Due to the COVID-19 pandemic, unemployment level is on the rise. However, even during these troubling times, the amount of fake job postings have also increased in Canada and in North America as a whole. This project aims to create a classification model to help users identify fraudulent job postings.
- Devise a method to combine all the useful columns.
- Create a classification model to differentiate between fraudulent and real jobs.
- Produce insights on how fake jobs differ from real job postings.
The dataset is available on Kaggle. It contains 18K job postings where 866 are fake job postings and 17014 are real job postings. In the fraudulent column, 0 represents real job postings while, 1 represents fake job postings.
To make this project work we need:
- Pandas - input data analysis and manipulation tool.
- NumPy - further data manipulation and conversion.
- Scikit-learn - contains machine learning models, feature extraction and metrics for evaulation.
- Nlppreprocess - removing stopwords, punctuation and more from the input data.
- Matplotlib - creating static graphs.
- Seaborn - drawing more creative graphs.

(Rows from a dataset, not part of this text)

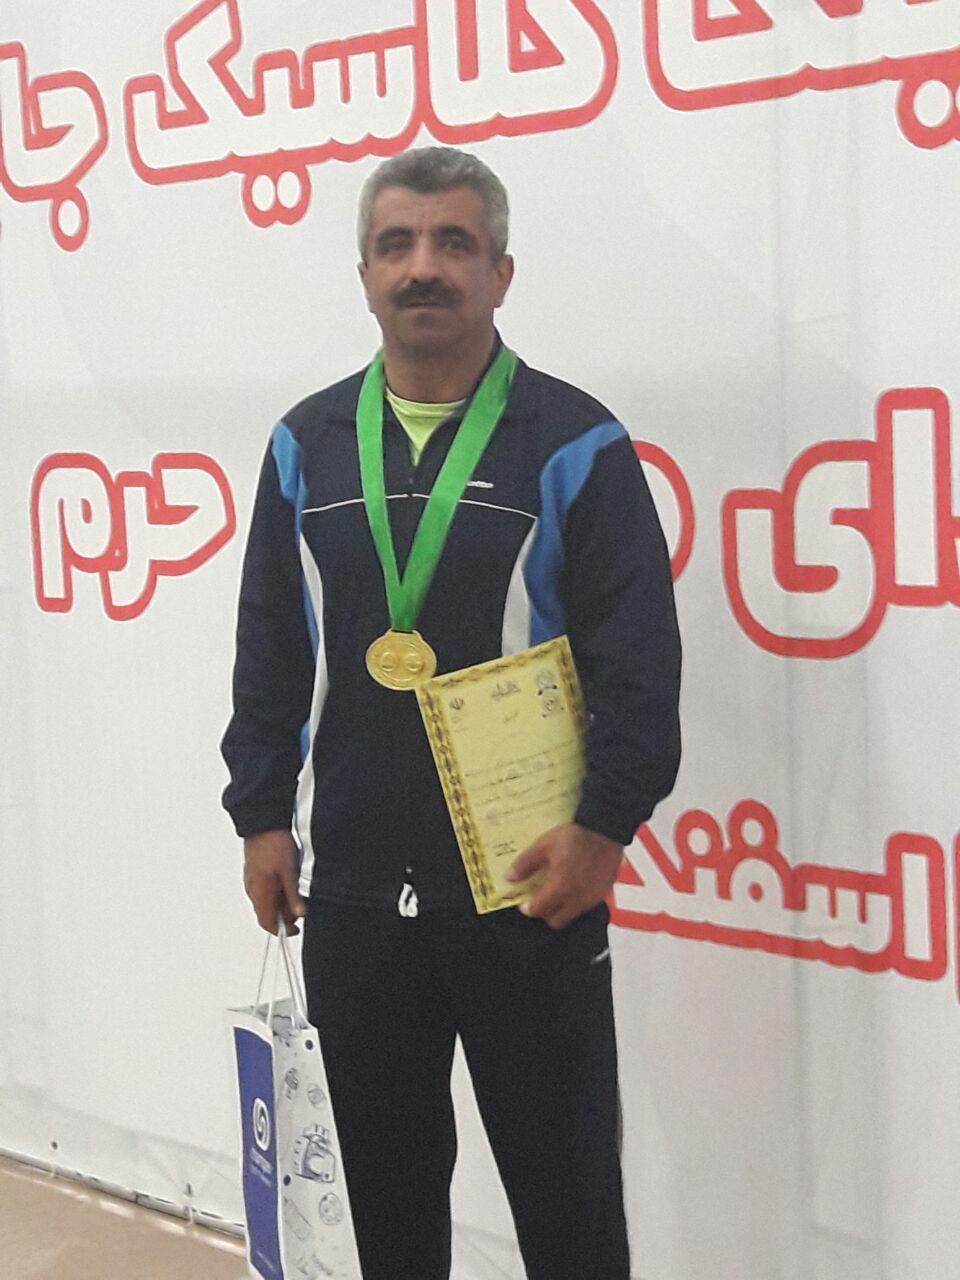 کسب مدال طلای  ورزشکار پیشکسوت سقزی در مسابقات پاورلیفتینگ قهرمانی کشور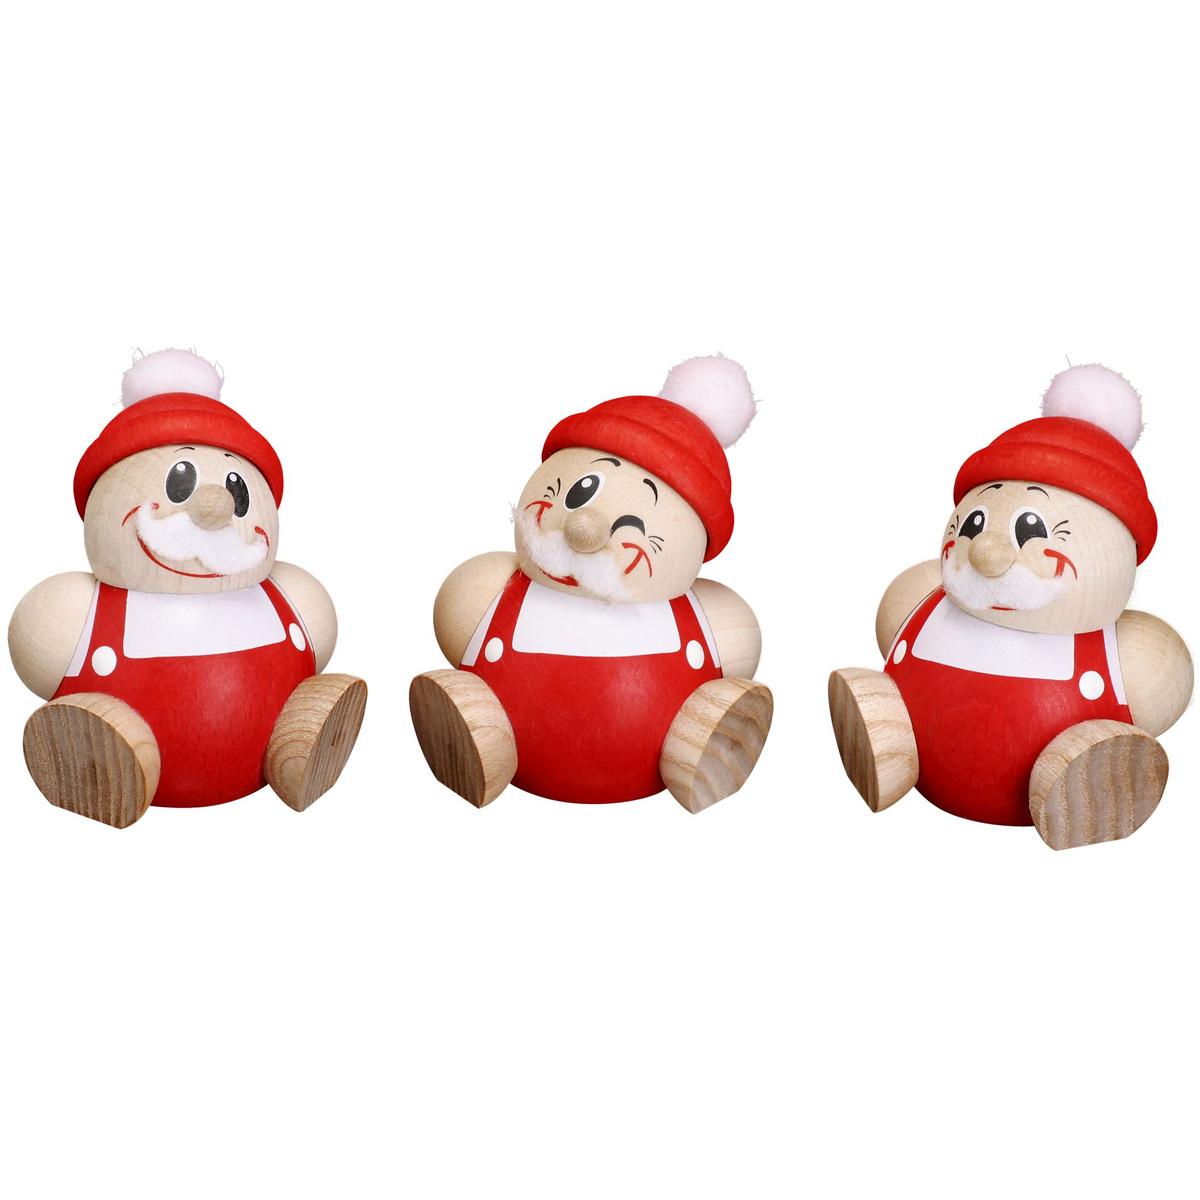 Kugelfigur nikolaus 3er set von seiffener volkskunst f r - Weihnachtsdeko figuren ...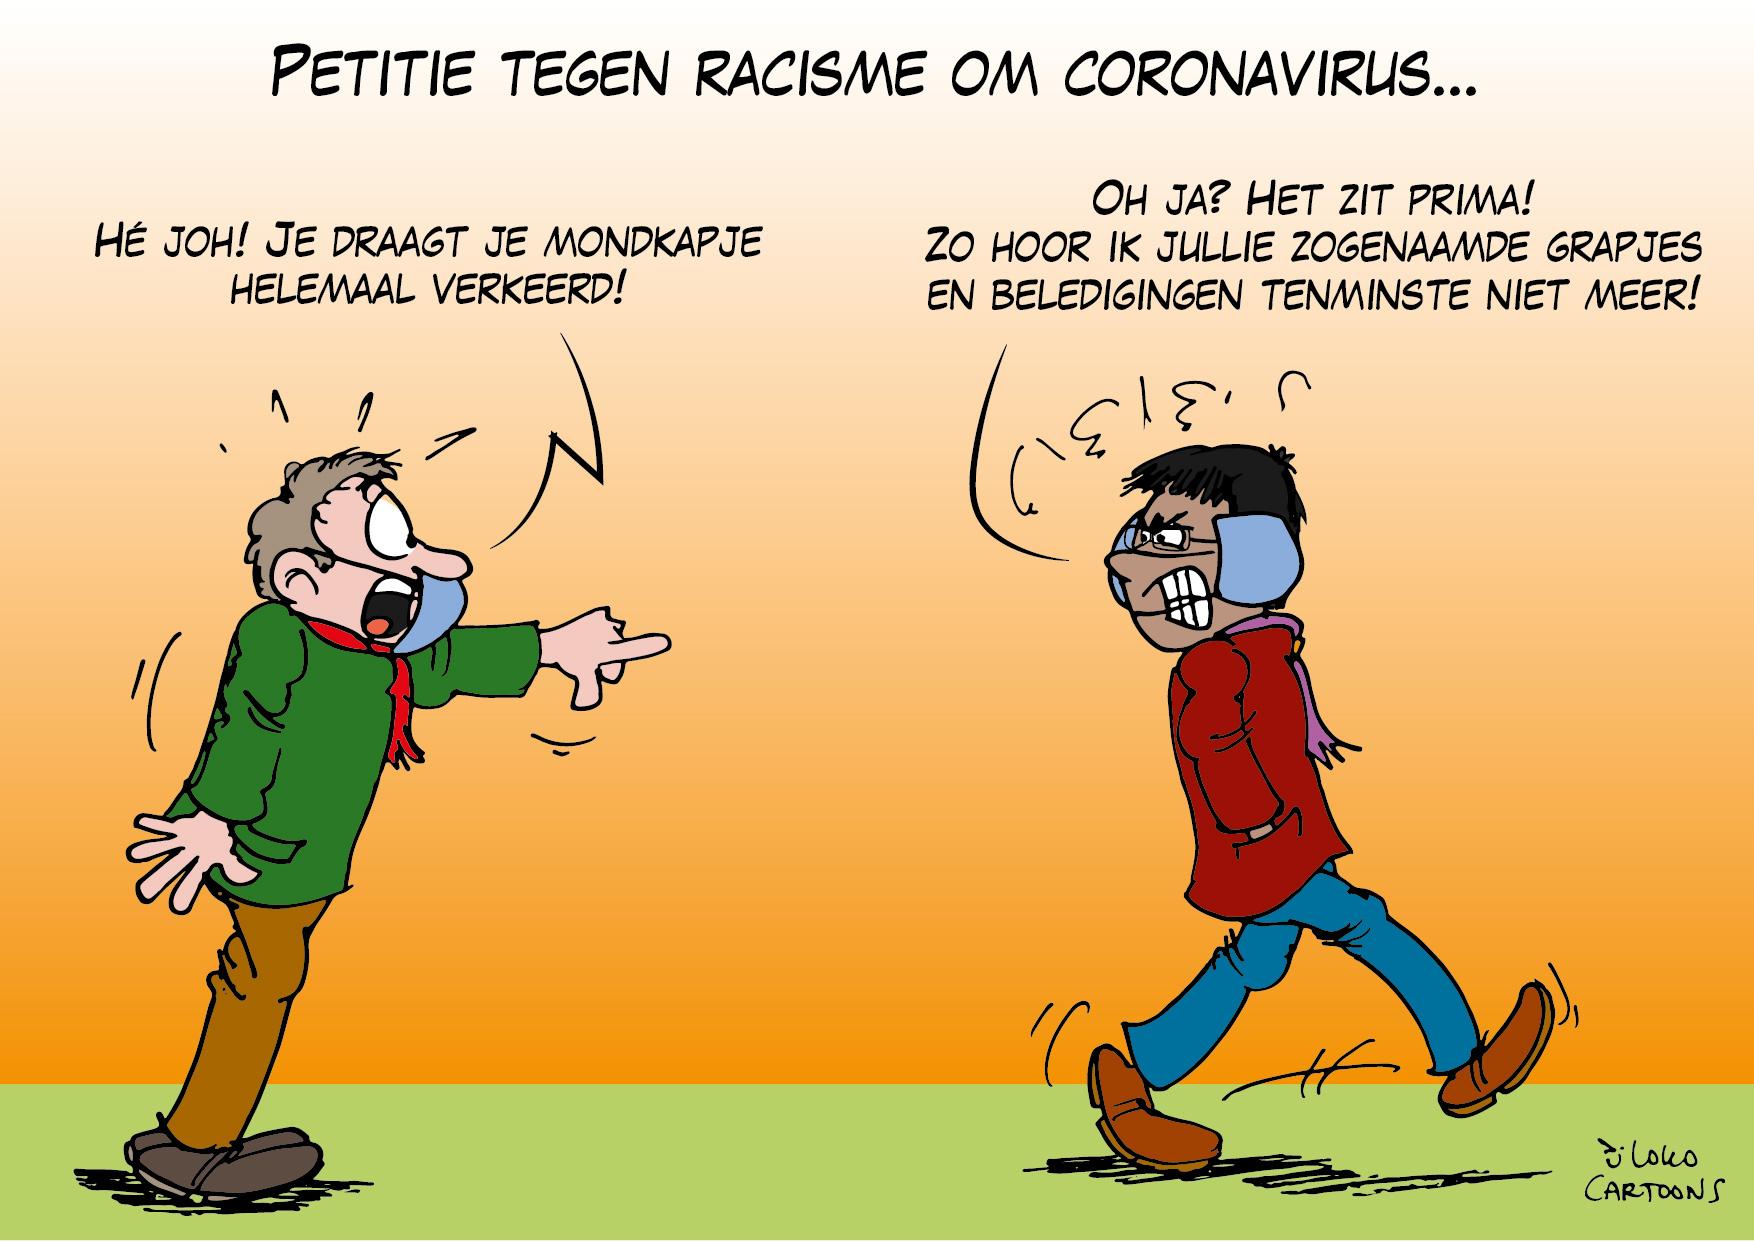 Online petitie tegen discriminatie en rascisme om coronavirus…

Method can be divided into three stages:
-
Preprocessing: NaN values were replaced with blanks. Since we wanted to evaluate the different aspects of a job posting, a new column was created which consists of the title, location, company profile, description, requirements and benefits. Since it is an imbalanced dataset, undersampling was utilized for the majority class (real jobs) to balance out against the minority class (fake jobs). A train and test split was done on the texts to create training and testing sets.
- Since machine learning models can only process numerical data, we have to convert the input text. To do so Term frequency-inverse document frequency (TFIDF) vectorizer was utilized to create training and testing vectors. Countvectorizer was not used since it only counts the number of times a word appears in the document which will skew the results. While, TFIDF sees the overall document weightage of each word.
-
Models: Multinomial Naive-Bayes, RandomForest, Logistic Regression and Support Vector machine were utilized to evaluate the set. F1 score was utilized to determine the efficiency of each model.
-
Visualisation: Confusion matrix were made for each model to show how effectively did it classify. Graphs were made for required experience, function, industry, employment type, countries, and required education. NA was replaced for NaN values for better visualisation.
Please refer to the results folder for insights and metrics utilized.
This project can be improved in several ways, in terms of data preprocessing, data visualisation and models.
-
Data Preprocessing: Gensim, SpaCy or NLTK can be utilized for stopword removal as well as stemming or lemmatizing. To deal with imbalanced datasets, data augmentation techniques can be used. Rather than performing data augmentation, libraries such as Imbalanced-learn allows to undersample, oversample, SMOTE and other techniques to deal with imbalanced datasets instead. Other methods can be used to convert text data into vectors such as Word2vec, Bag of words or Co-occurrence vector.
-
Models: Machine learning models can be finetuned more using rfgridsearch or through trial and error. Other models like LSTM could have been utilized.
-
Data Visualisation: Libraries like Plotly or Bokeh can be used to make interactive plots.